Ditto ihatework's spring grass comment. You could try supplementing magnesium (you can get good quality magnesium oxide from Progressive Earth, a teaspoon a day is enough) as spring grass is very low in magnesium and some horses become deficient. It will make a difference fairly quickly if it is an issue.

I'd also getting the itchiness investigated, it's more likely to be linked to diet (sugar) or coat change / over-rugging than a change in weather.
 
I haven't seen him itch his hind more than any other part of his body, seems to be his belly, feathers and neck mostly effected. I did read up on pin worm but ruled it out as it seemed to be the wrong part xx
 
I have been thinking long and hard about diet, I have had him on a hay only diet, as much as he likes, literally a bale a day, he is out grazing for 12 hours a day (not much grass out there just yet) and limitless hay through out the night.

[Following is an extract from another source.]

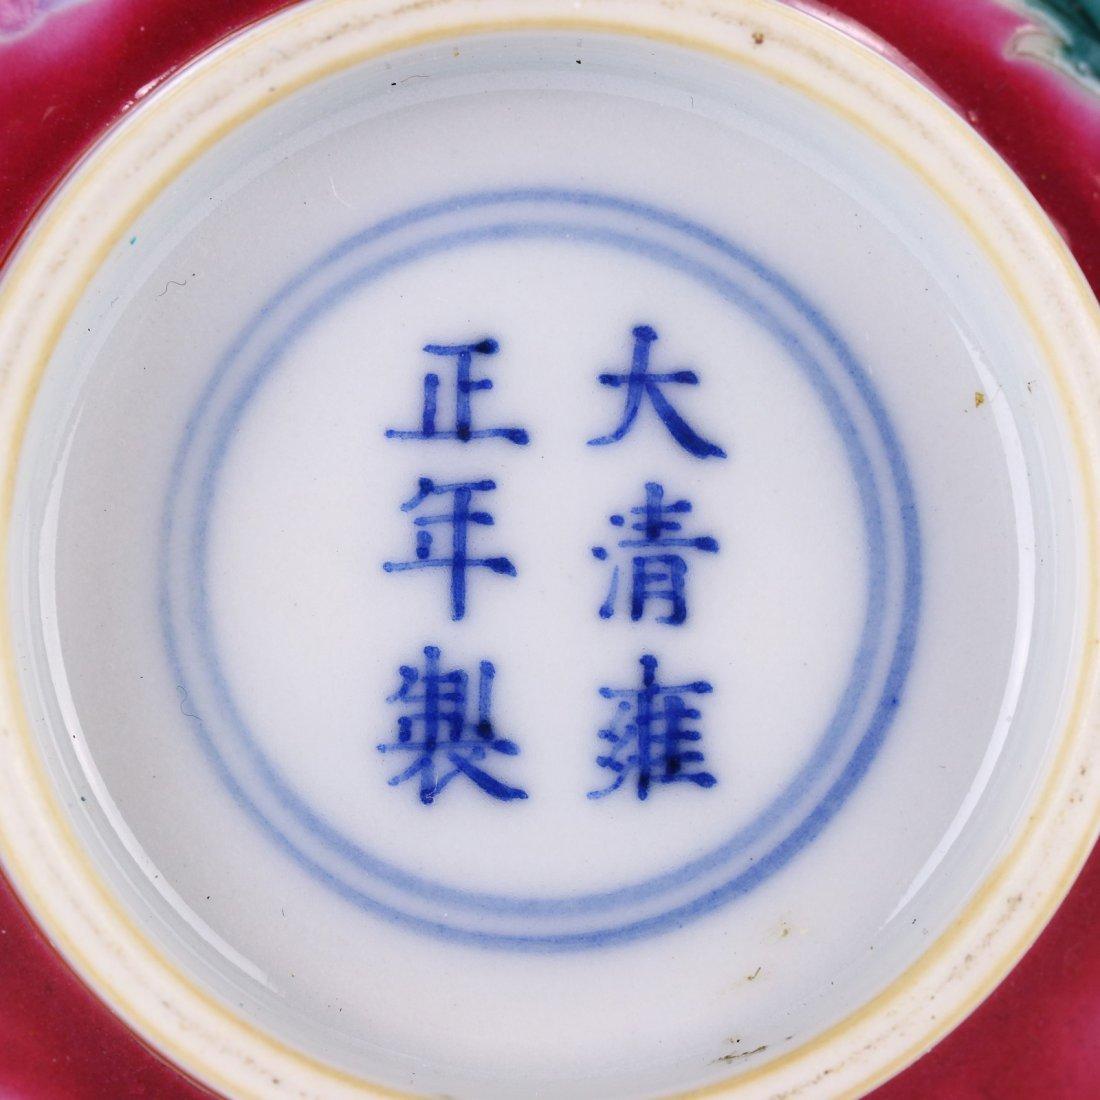 A Chinese Antique Famille Rose Porcelain Vase - 5

I tried to introduce the old feed his previous owner use to feed him before he began started to choke on his first feed (dengi Hifi molasses free) since then I have been super cautious. I don't think he is having a Sugar overload as that is exactly what I am trying to avoid. would be great to hear your thoughts on this! :) xx
 
that is interesting, I didn't realize Spring grass can have effect like that! he has been on a hay only diet for the last 6 weeks (about a bale a night and 12 hours grazing in the day). He is quiet thin at the moment but not silly thin, he came to me this way and I chose to go down the hay route rather than hard feed as I was aware the grass season is coming and he will likely balloon! ... if he doesn't my plan is hard feed :)
 
Don't underestimate the amount of grass available in an apparently bare paddock, it may only be bare as the horses are eating it as fast as it comes though but they could still be getting a significant amount of the high-sugar, low magnesium new shoots. Just because you cant see the grass doesn't mean to say its not growing....
 
Ditto the above with the diet. Aside from that ,unfortunately nervous riders and a spooky horse creates a vicious cycle. I have one that spooks and darts about with one rider on , and if she dismount and I get on, he turns in to a bombproof schoolmaster (I ride very relaxed and not much bothers me) Could you stick a confident rider on and see if that helps?
 
My draft with feathers has just had a dectomax injection for mites. He's a very, very sweet horse but they drive him mad and his behaviour can get a bit erratic - he just wants to scratch all the time.

The 3 areas you mention are his main areas for itching.
 
Also had a feathery type with mites that drove him mad, he had an injection used for cattle I think (couldn't tell you what it was), it sorted the problem anyway. He would chew his legs up.
 
There's nothing wrong with feeding a forage only diet but you do need to supplement it with a 'balancer' to make sure the horse gets all the vitamins and minerals he needs. There are a few balancers on the market that are designed to balance typical U.K. forage (none of the big name brands sadly!), they include Progressive Earth's Pro-Balance and Pro-Hoof and Equinatural's Equivita. I'd recommend feeding a small amount of something like speedibeet with the recommended amount of one of those balancers in addition to his hay and grass.